Amine Gemayel, ancien président du Liban
Al-Ahram fête 145 ans de militantisme au service de la cause arabe et des droits de l’homme. Il est né à une époque critique de l’histoire moderne de l’Egypte et de la région et a été témoin des plus beaux, mais aussi des plus amers moments de l’histoire moderne. Et donc, il était tout à fait normal qu’il soit influencé par les événements et qu’il les impacte en même temps.
Je n’écris pas pour rappeler, bien que j’en sois fier, que les fondateurs d’Al-Ahram, Bichara et Sélim Takla, étaient libanais, ou pour me remémorer l’époque de mon oncle, Antoine pacha Gemayel, qui a présidé la rédaction d’Al-Ahram. Mais pour donner du mérite à cette institution grandiose qui a jeté les bases d’un partenariat intellectuel et sociétal au service de l’homme libre, comme si les fondateurs avaient voulu faire d’Al-Ahram un incubateur de l’opinion libre, un parrain de la culture et de la paix et le modèle d’une pensée plurielle. Une panoplie d’intellectuels et d’écrivains engagés et libres se sont attelés à scruter le vécu du monde arabe, de la région et du monde en l’analysant et en se projetant à l’avenir. Ainsi, Al-Ahram est devenu un miroir qui interagit avec l’événement dans une optique critique du vécu bouillonnant de l’époque que nous avons vécue et une source d’information et d’analyse de l’événement dans ses dimensions politique, culturelle et économique.
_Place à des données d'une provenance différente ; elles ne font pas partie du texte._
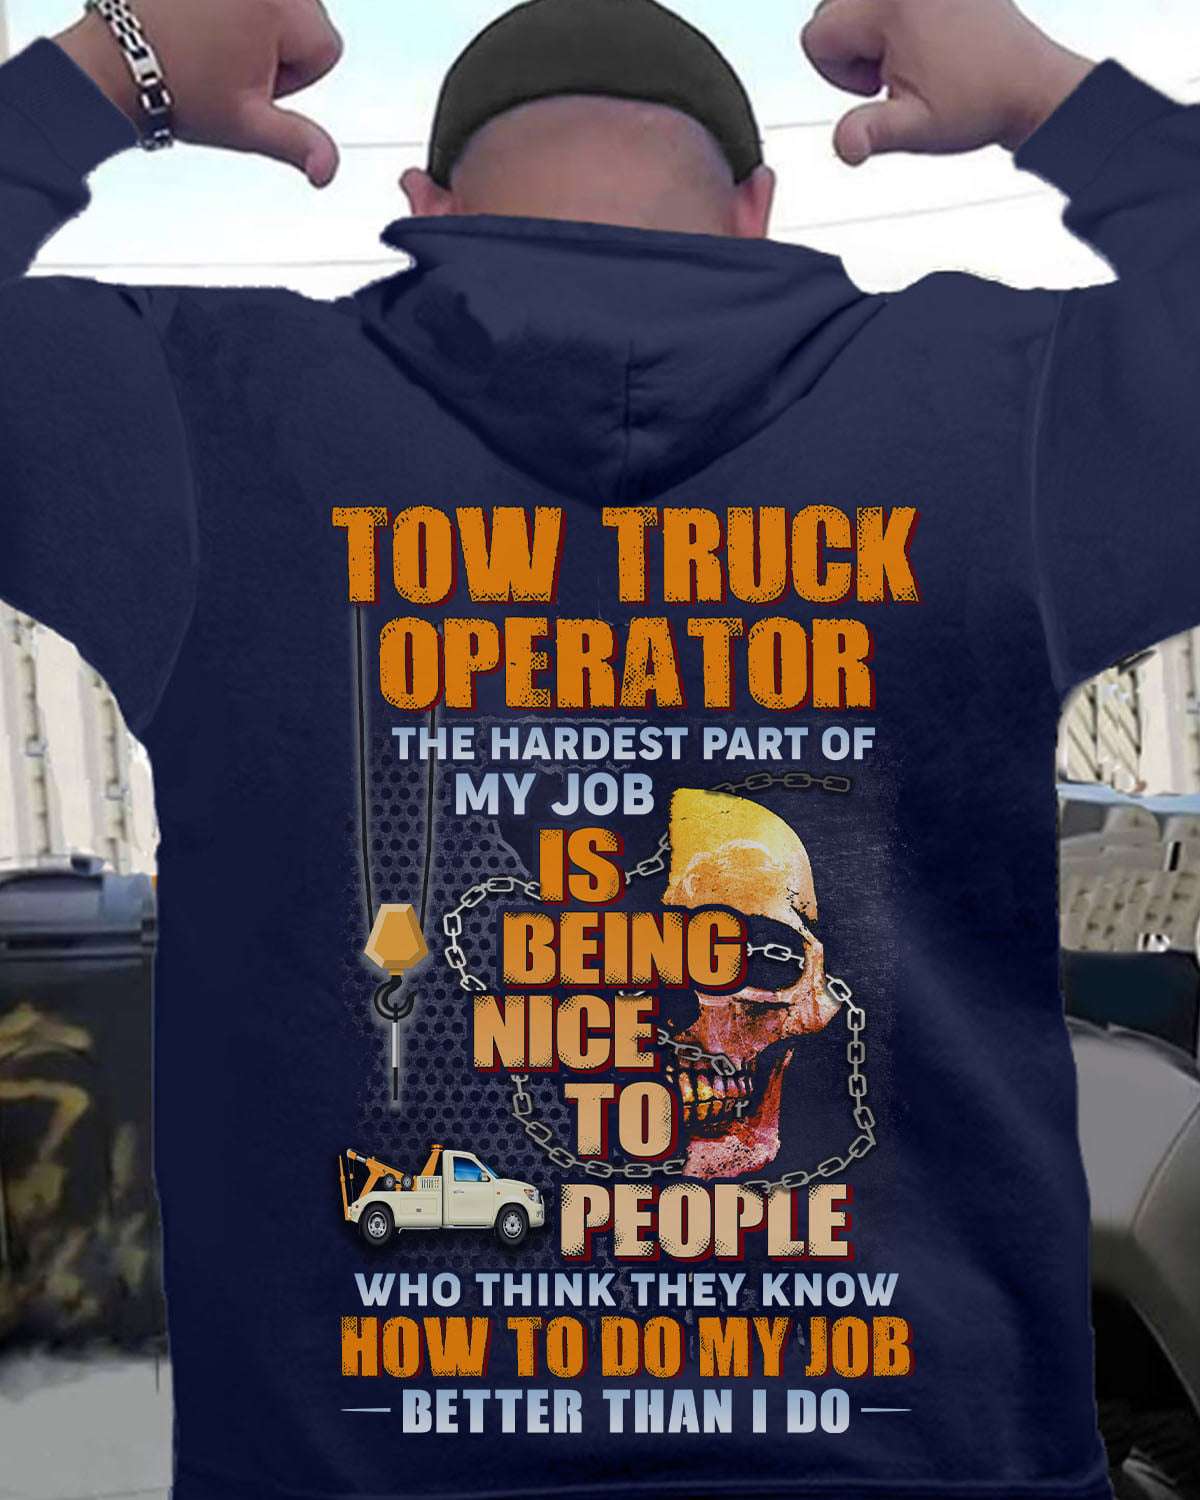 Tow truck operator - The hardest part of my job is being nice to people, skull tow truck operator

Je voudrais rappeler ici le fait qu’Al-Ahram s’est toujours caractérisé par son style fluide et facilement accessible aux lecteurs. Avec Al-Ahram, le journalisme est devenu un outil de façonner l’opinion publique et pas seulement un moyen de véhiculer l’information. Il est à ce titre semblable aux grands journaux mondiaux, tels le Times, le Gardian, Le Monde, Le Figaro, le Washington Post et le New York Times. Il est le journal des Egyptiens et des Arabes et le journal international de toutes les époques. Le journal s’est érigé en s’opposant tant à l’intérieur qu’à l’extérieur aux politiques déformées et à l’idéologie et à la logique irraisonnées. Malgré sa proximité de l’Etat, Al-Ahram a souvent su prendre ses distances avec le régime, abordant avec le plus grand professionnalisme certaines questions au nom de la liberté d’expression. Les écrits d’Al-Ahram constituent une archive qui jalonne l’histoire moderne et une référence électronique sur la toile. Avec l’encre et Internet à la fois, Al-Ahram a été l’instigateur d’un essor culturel arabe se libérant de l’occupation intellectuelle et idéologique.
Je voudrais, à cette occasion du 145e anniversaire d’Al-Ahram, féliciter la Fondation Al-Ahram qui est le trait d’union entre le monde arabe et la scène internationale et qui a servi d’arène à tous les intellectuels libres. Il a immanquablement contribué à la prospérité intellectuelle de l’Egypte.
A l’heure des mutations troublantes que notre monde connaît aujourd’hui, nous avons grand besoin de l’expérience de la Fondation Al-Ahram et de son élite d’intellectuels et de créateurs. Cette prestigieuse institution a accompagné et a affronté des crises dangereuses, et elle a contribué au règlement de certaines d’entre elles. Par conséquent, elle est l’institution la mieux placée dans ces circonstances pour jouer un rôle pionnier dans le sauvetage de la nation avant qu’il ne soit trop tard.
Je saisis l’occasion du 145e anniversaire d’Al-Ahram pour féliciter cette fondation et tous les membres du 4e pouvoir égyptien. Je leur dis : préservez votre indépendance parce que si la presse est sujette au financement politique, elle faiblit et devient la mainmise d’un chef ou d’un leader.